Александр Иванченко - Монограмма
На четвертый день, когда Ли Ду пришел на рынок, незнакомец опять повел его на постоялый двор. Забрав дрова, он снова скрылся за циновкой. Ли Ду всмотрелся в рисунок. Подкравшийся, выпрыгнувший на поляну пастух, ликуя от счастья, издавая боевой клич, пытается схватить быка голыми руками. Но зверь, встав на дыбы, бросается на пастуха.

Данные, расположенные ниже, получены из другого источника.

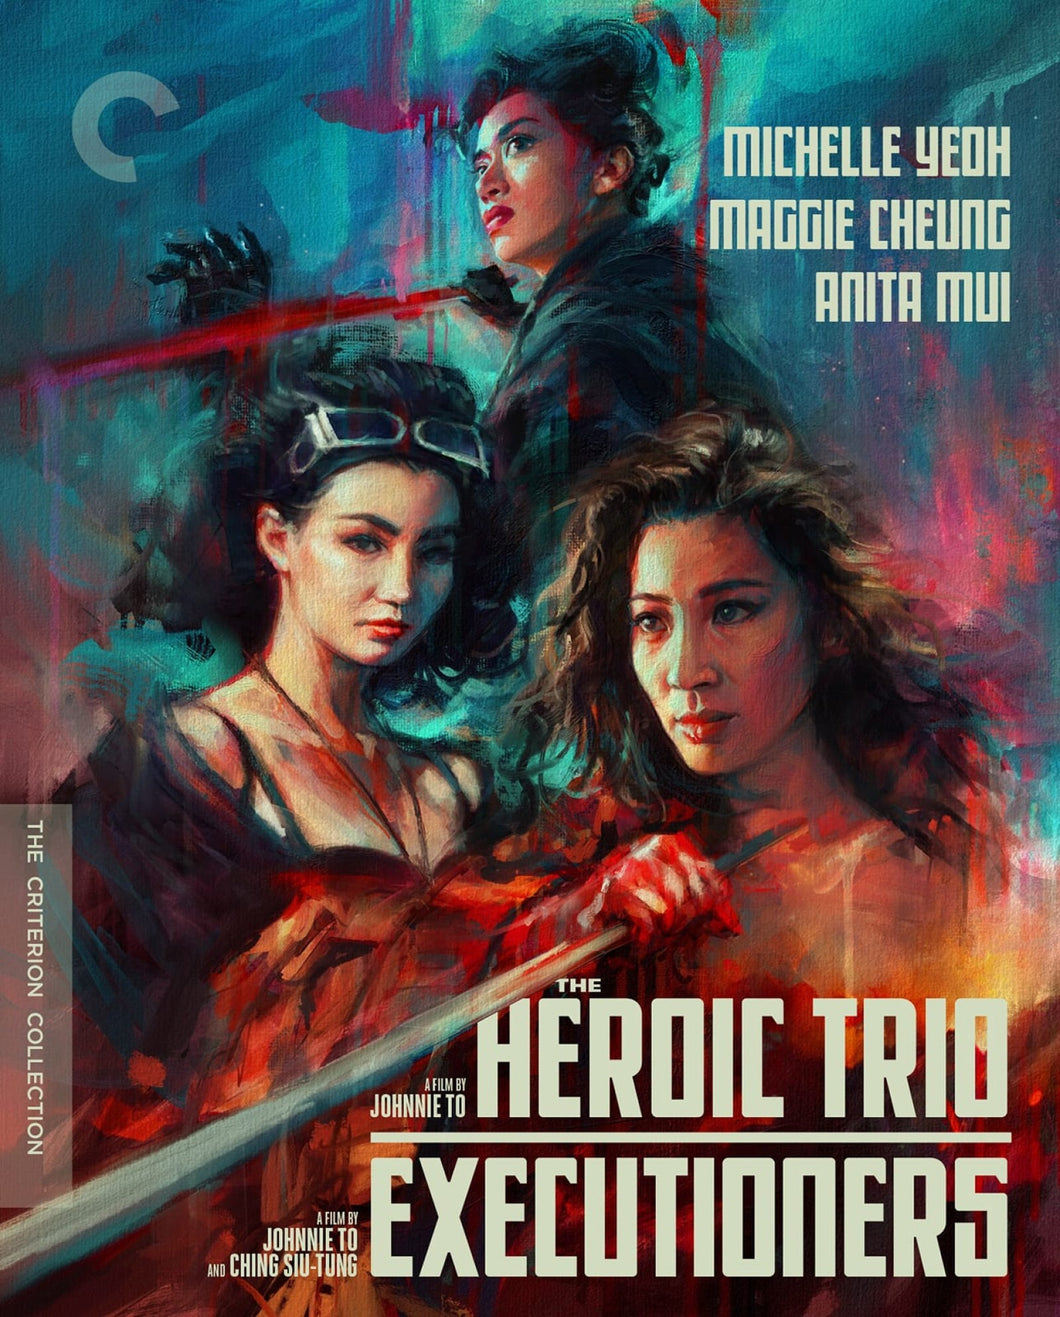 The Heroic Trio / Executioners 4K (1993) - front cover
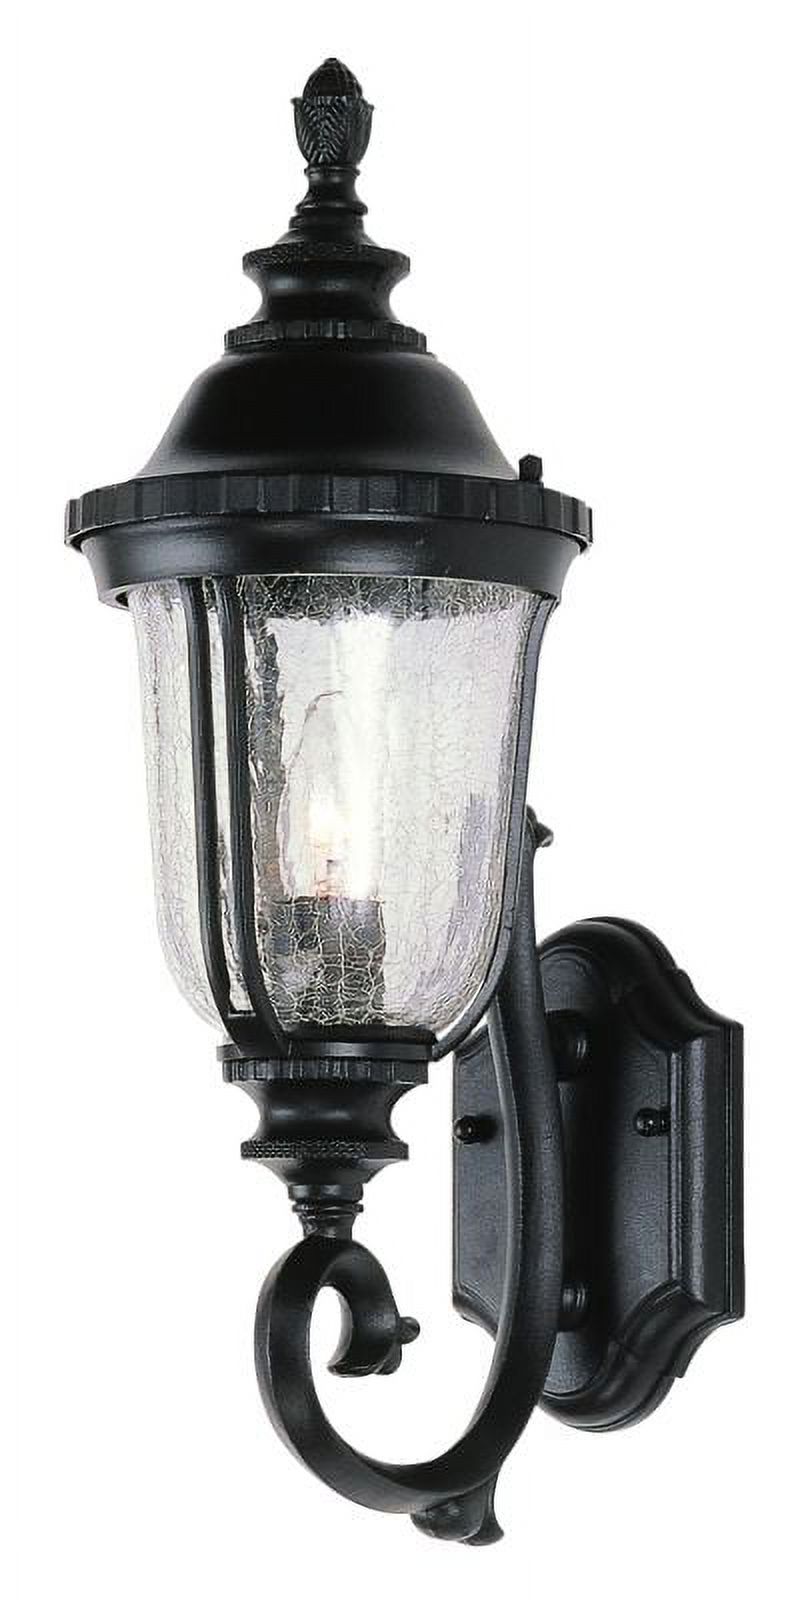 Trans Globe Lighting 4021 1 Light Up Lighting Outdoor Wall Sconce From The Outdoor - image 1 of 1

В глубоком мху утопают шаги и стук дятла.
Спрятав орех, счастливая этим, улетает кедровка, место забыв;
Раскрыв плоды, ели роняют семя,
Ища добычи, бродит в вершинах ветер, сгибая стволы.
Пастух, напрягши жилы, удержав дыхание,
Готовит волю, отвагу, боевой клич,
Как рысь, стремительно выскакивает на поляну,
Забыв про вервие, кнут, испугав быка.
Взметнувшись в ярости, вздрогнув от страха и гнева,
Взревев протяжно, бык бросился на пастуха.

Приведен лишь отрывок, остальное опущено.